L G Lange, B E Sobel
We have shown recently that norepinephrine stimulates muscle cell hypertrophy in primary cultures from the neonatal rat ventricle and that this stimulation is not blocked by the beta adrenergic antagonist propranolol. The present study was done to define the adrenergic specificity of the myocyte hypertrophic response to norepinephrine. 90% pure, single-cell cultures of nongrowing myocytes were maintained in serum-free medium 199 with transferin and insulin. Myocyte size was quantitated 48 h after addition of adrenergic agents, by measuring cell volume, cell surface area, and cell protein.
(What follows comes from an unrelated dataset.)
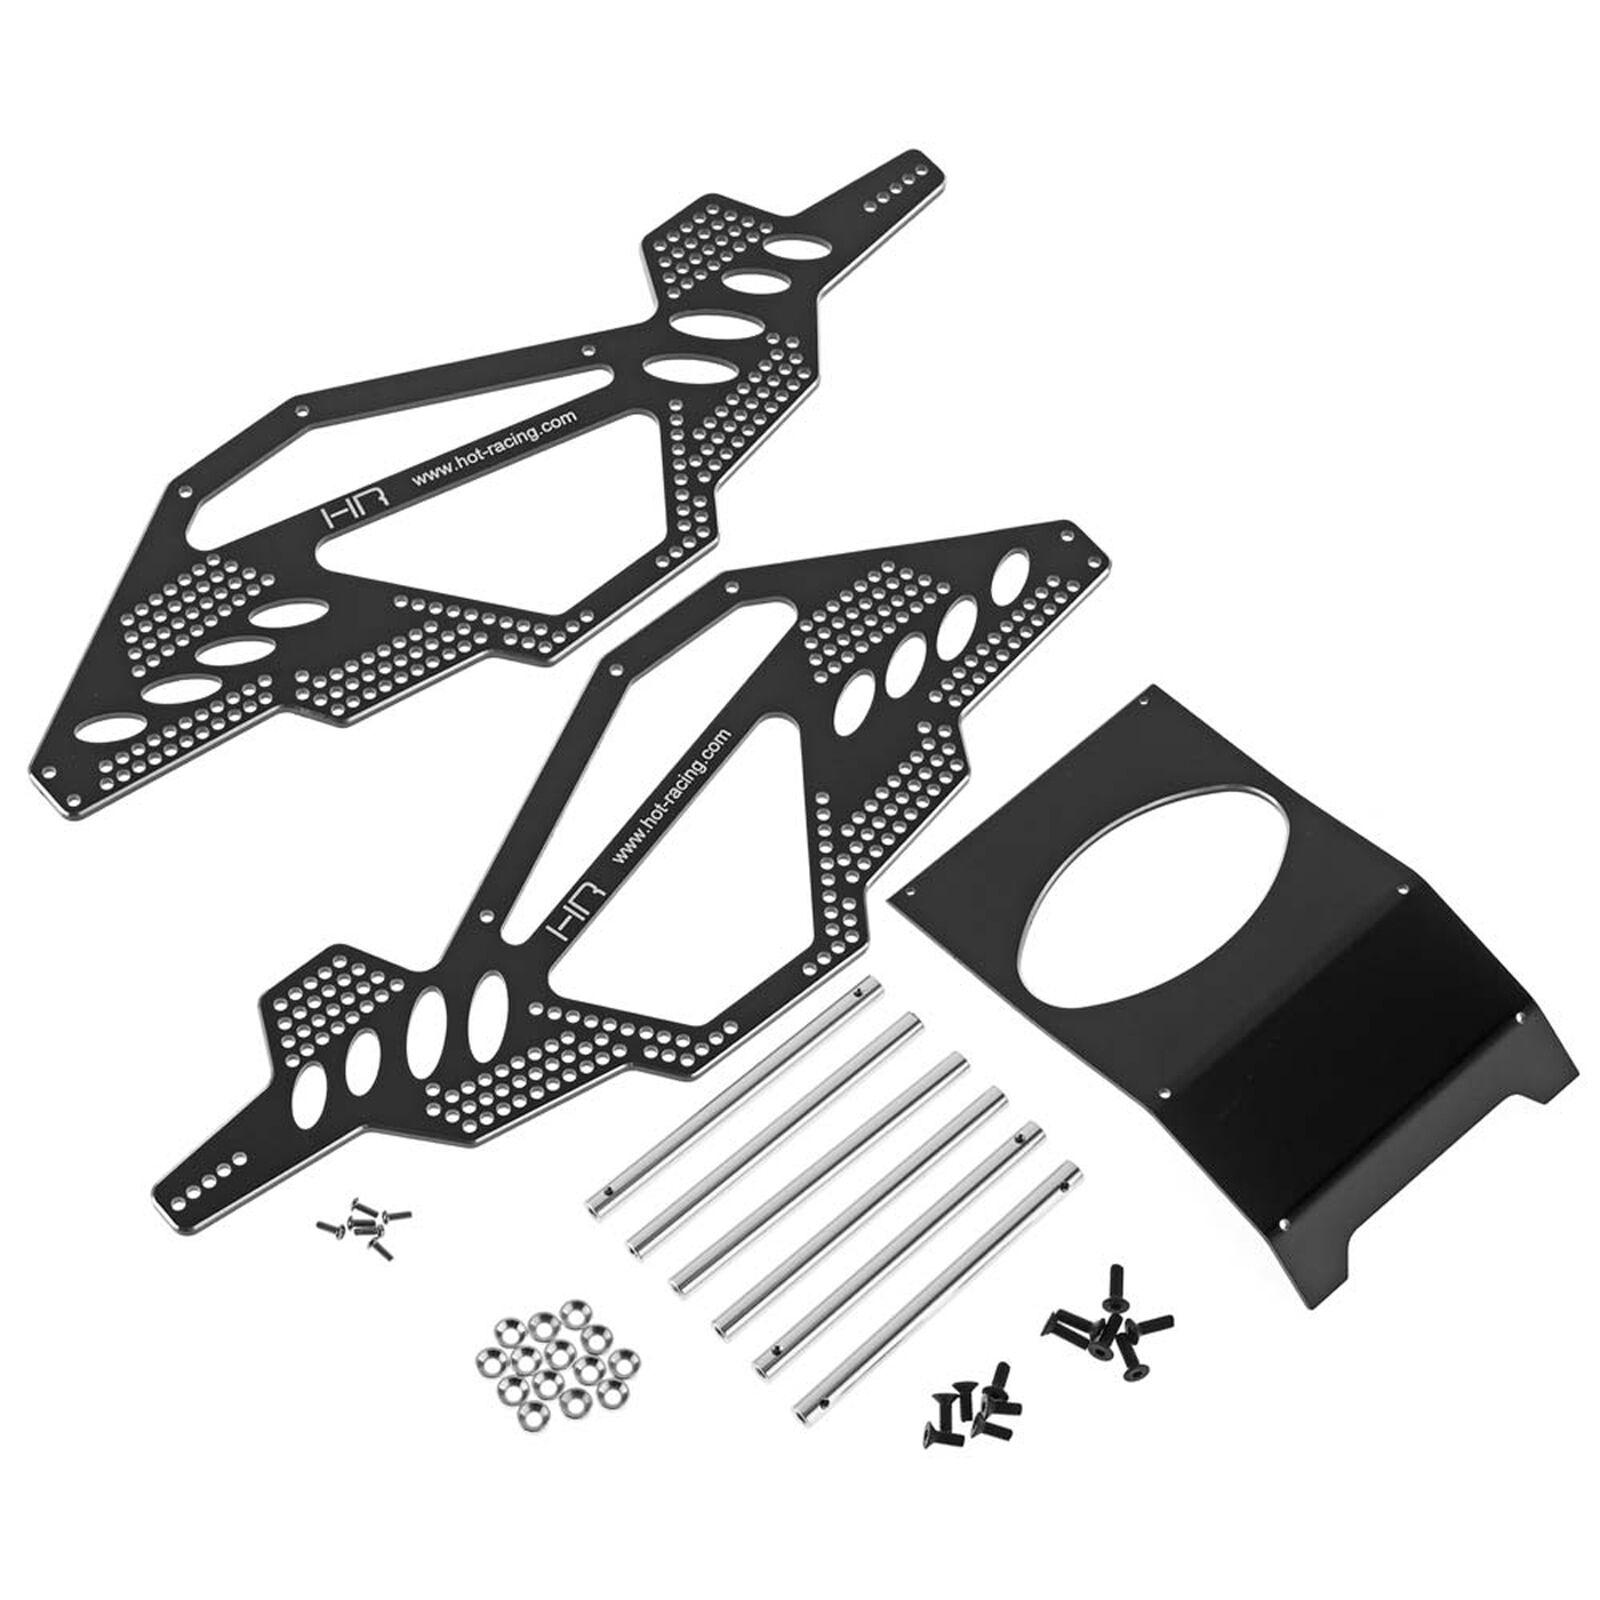 Aluminum Rock Racer Conversion Chassis, Black: Ax10

L-norepinephrine increased myocyte size to a maximum 150% of control; half-maximum effect was obtained at a concentration of 0.2 microM. This increase in cell size was inhibited by the nonselective alpha adrenergic antagonist phentolamine and by the alpha 1 adrenergic antagonists prazosin and terazosin; it was not inhibited by propranolol or by the alpha 2 adrenergic antagonist yohimbine. The beta adrenergic agonist isoproterenol did not increase cell size. Thus, norepinephrine-stimulated hypertrophy of cultured rat myocardial cells is an alpha 1 adrenergic response.